A second "navigation centre" announced for Nanaimo in planning stage.
HomelessMemo
The B.C. government promised in August 2020 that a 60-bed “navigation centre” for homeless people in Vancouver would open in the spring of 2021. The facility is still in the planning stage.

A 60-bed “navigation centre” for homeless people promised by the B.C. government in 2020 for Vancouver is still not open and there is no indication whether it will be activated before the end of the year.

The centre, which was supposed to be the first of its kind in Canada, was supposed to be operating by spring 2021, according to an announcement made Aug. 5, 2020 by then-minister responsible for housing, Selina Robinson.

BC Housing said this week in an email that it has identified a location for the centre.

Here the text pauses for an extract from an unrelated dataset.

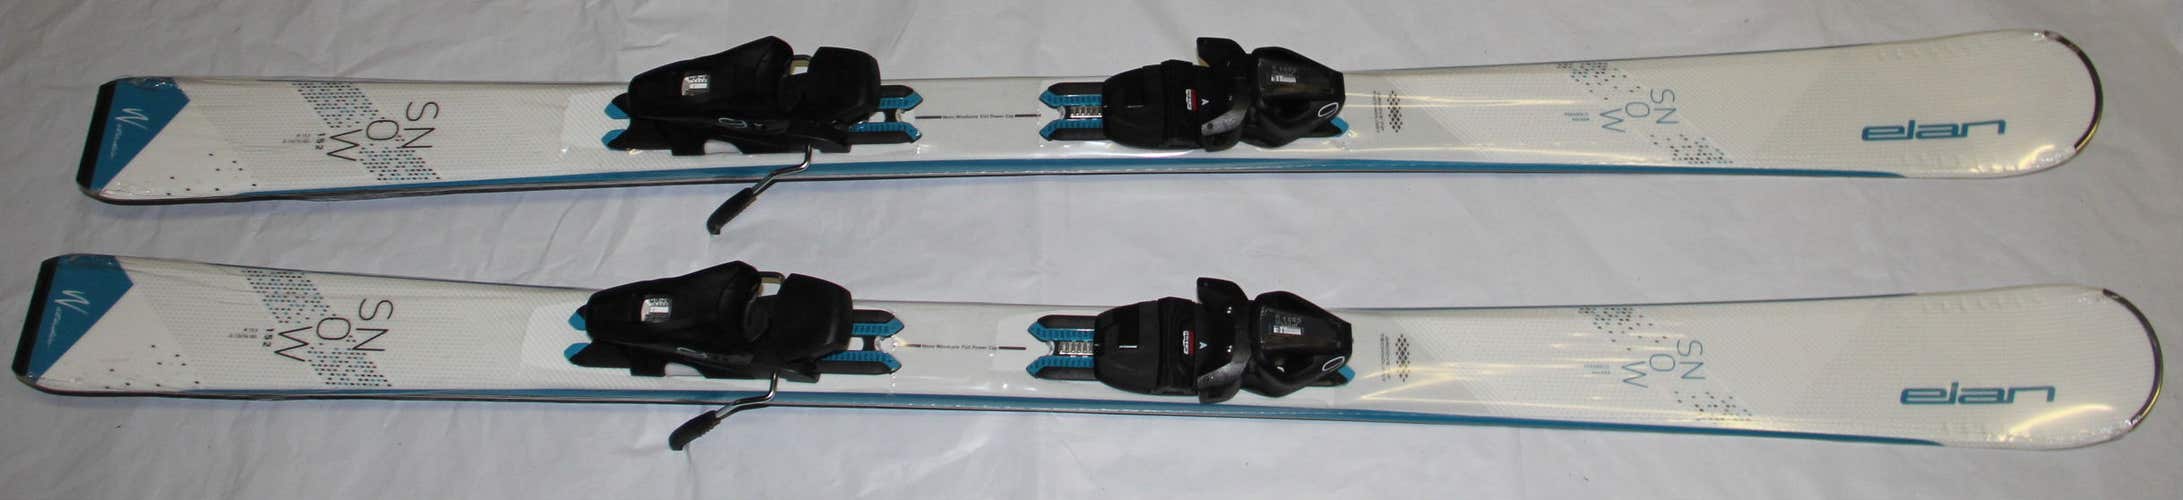 NEW 2023 Elan skis Snow White Skis women's + EL9.0 Bindings size adjustable 146cm
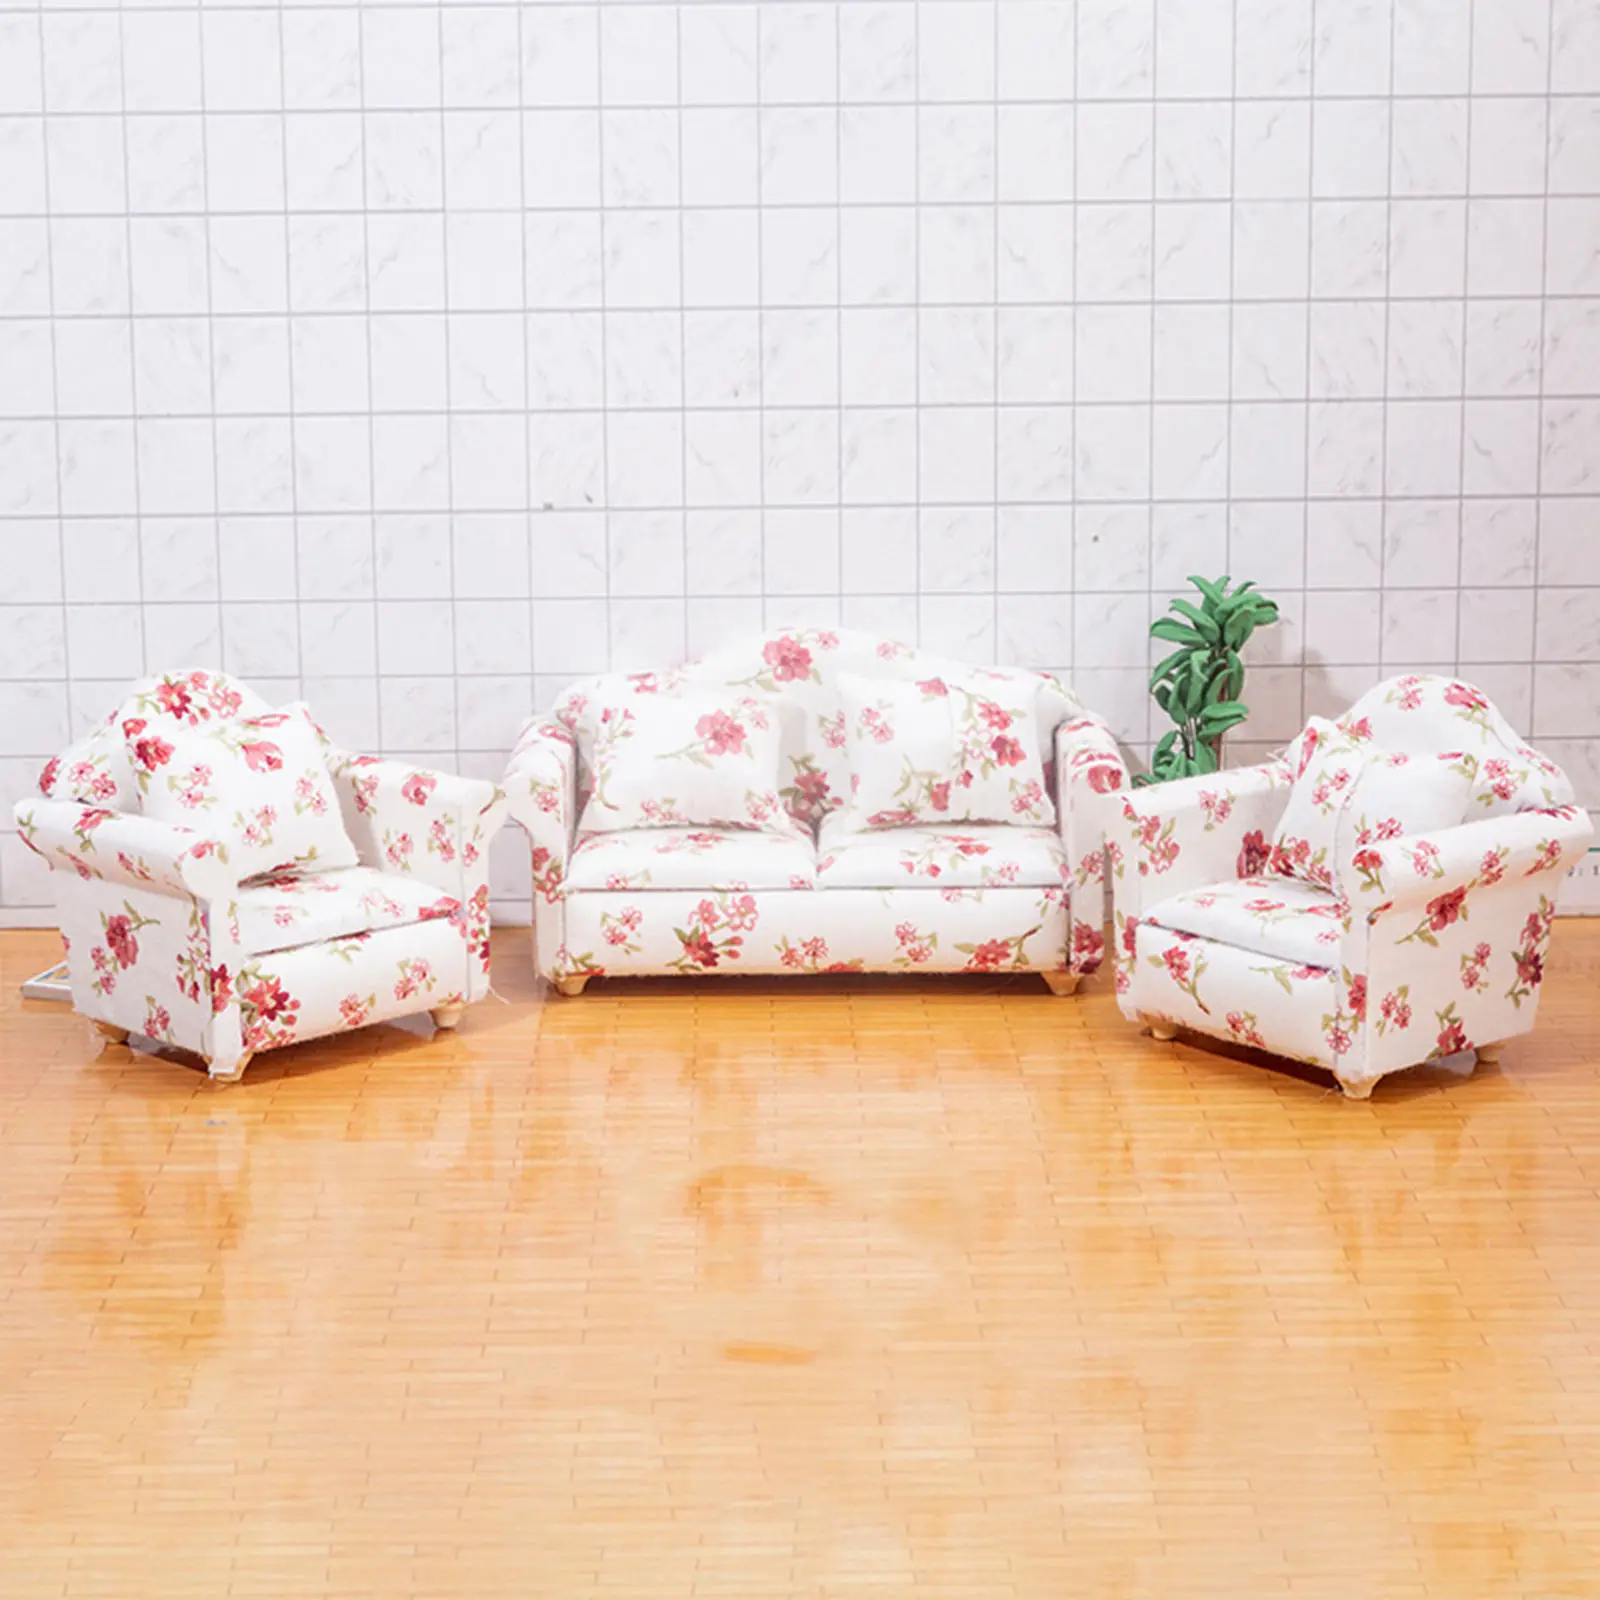 1:12 Dollhouse Sofa Accessories Cushions Mini Chair Miniature Furniture for Living Room Kids Toys

“We will announce the location and further details, including the expected completion date, non-profit operator and project funding, when plans are finalized,” a representative from BC Housing said in the email.

The location must be news to the City of Vancouver because its communications department said in an email Tuesday that “we are continuing to work with BC Housing on the creation of the navigation centre. The most significant challenge has been identifying a site. Once a location has been identified, we can share more information.”

First of its kind in Canada

Both BC Housing and the City of Vancouver sent almost identical emails in February 2022, when Glacier Media last asked about the status of the centre, which is supposed to be set up to offer services that homeless people aren’t receiving in shelters.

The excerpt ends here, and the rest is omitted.